His training involved a 100-day solo retreat which entailed, among other things, dousing himself three times a day with gallons of melted snow as part of a purification ritual. As he endured this ritual, Young came to realise that he could make it more bearable by giving his complete focus to the sensation of intense cold, as Burkeman explains: “After a few days, he began preparing for each drenching by first becoming as focused on his present experience as he possible could, so that when the water hit, he would avoid spiralling from mere discomfort into agony.” And it seemed to work.

This demonstrates an important point about what’s going on when we succumb to distraction, which is that “we’re motivated by the desire to try to flee something
painful about our experience of the present.” This is easy to see when we’re talking about some form of physical discomfort, but it applies also to the tedium of things that we have to do or that we thought we wanted to do.

More broadly, Burkeman argues, whenever we succumb to distraction, “we’re
attempting to flee a painful encounter with our finitude – with the human predicament of having limited time, and more especially, limited control over that time.” ‘Finitude’ is the subject of one of the more philosophical chapters in the book where we are introduced to the German philosopher Martin Heidegger. His idea of finitude is that the limited amount of time we have on this planet isn’t just something we have to manage; it’s the defining feature of human life. The fact that our existence is finite means that every choice we make is both an affirmation and a sacrifice – by committing to one person or opportunity, we reject countless others – but making those choices is the very essence being human. And accepting that truth, says Burkeman, is liberating.

Again, the point is not to make us feel rueful about the choices we have made.
Instead, it is to convey that living a truly authentic life – becoming fully human –
means facing up to that fact that our lives are defined by our finitude. For those of you who aren’t convinced that this is the way to go, Burkeman provides ten tools for you to try, which include: deciding in advance what to fail at (I like this one), focusing on one big project at a time (sensible), and developing the capacity to do nothing at all without needing to distract yourself or to evade how reality feels here and now.
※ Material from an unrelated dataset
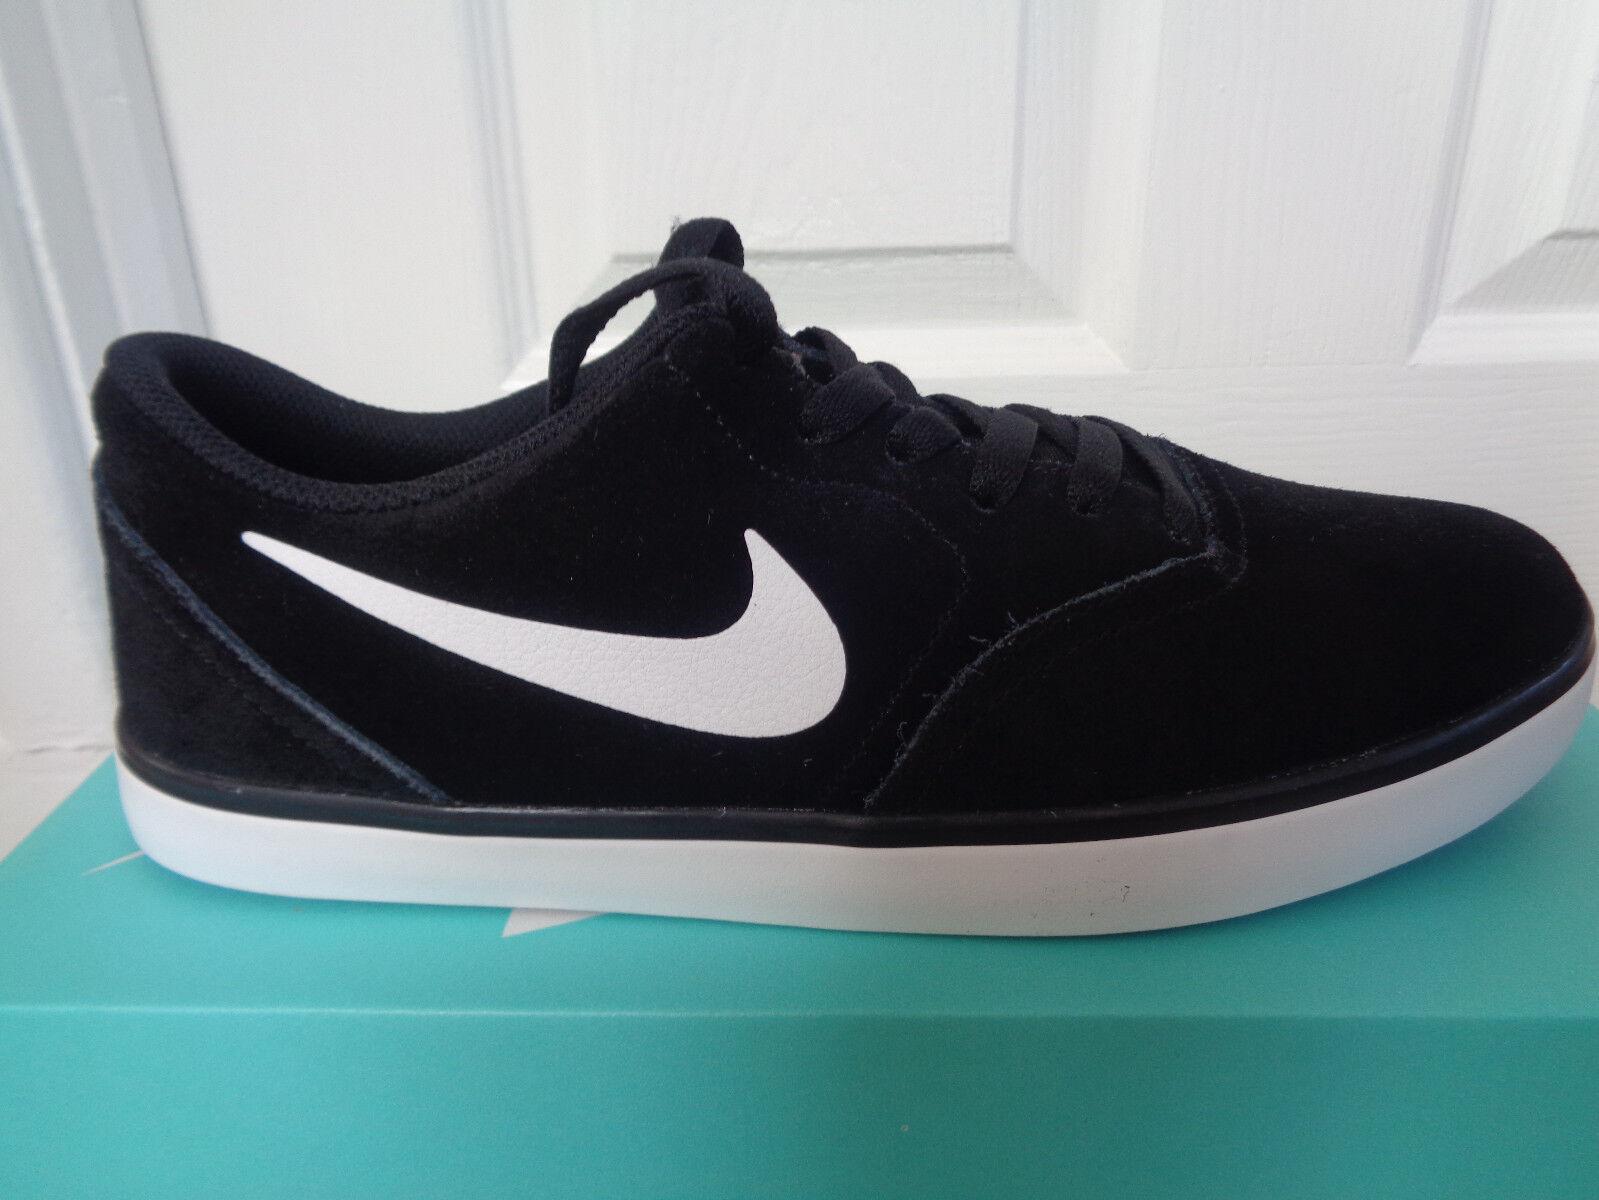 Nike SB Check trainers Turnschuhe schuhe 705265 006 uk 8.5 eu 43 us 9.5 NEW+BOX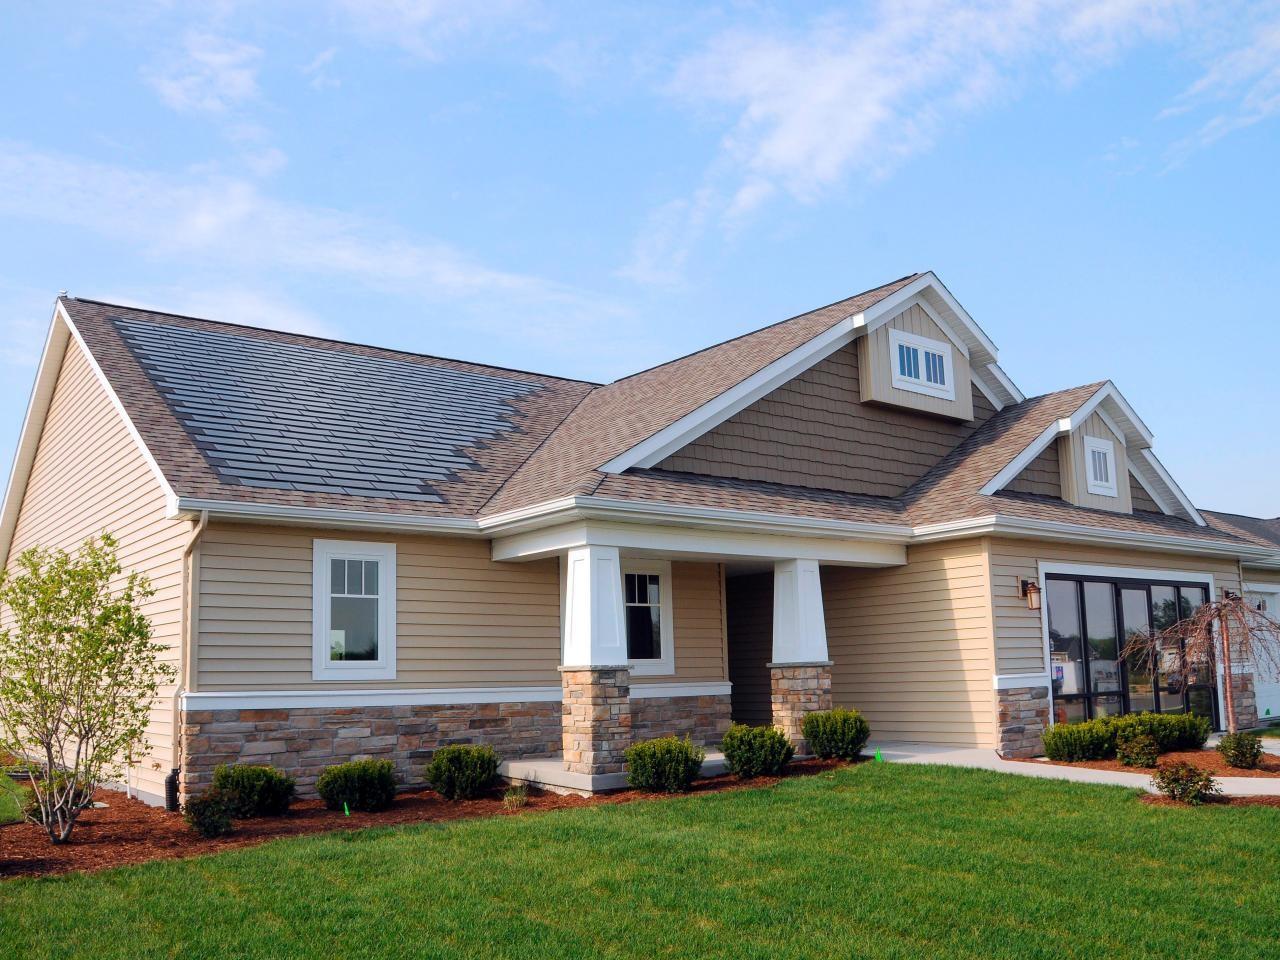 Tesla Solar Roof Vs Apollo And Dow Solar Shingles Home

Four Thousand Weeks is a really uplifting and hopeful book with a very simple
message: life is finite and it is short, but you don’t have to fit everything in. Embrace your finitude and your limits. Work out what gives your life meaning, and accept that to make time for what matters, you will need to give things up. You do not have to be the “optimized, infinitely capable, emotionally invincible, fully independent person you’re officially supposed to be”. Once you accept that, “you get to roll up your sleeves and start work on what’s gloriously possible instead.”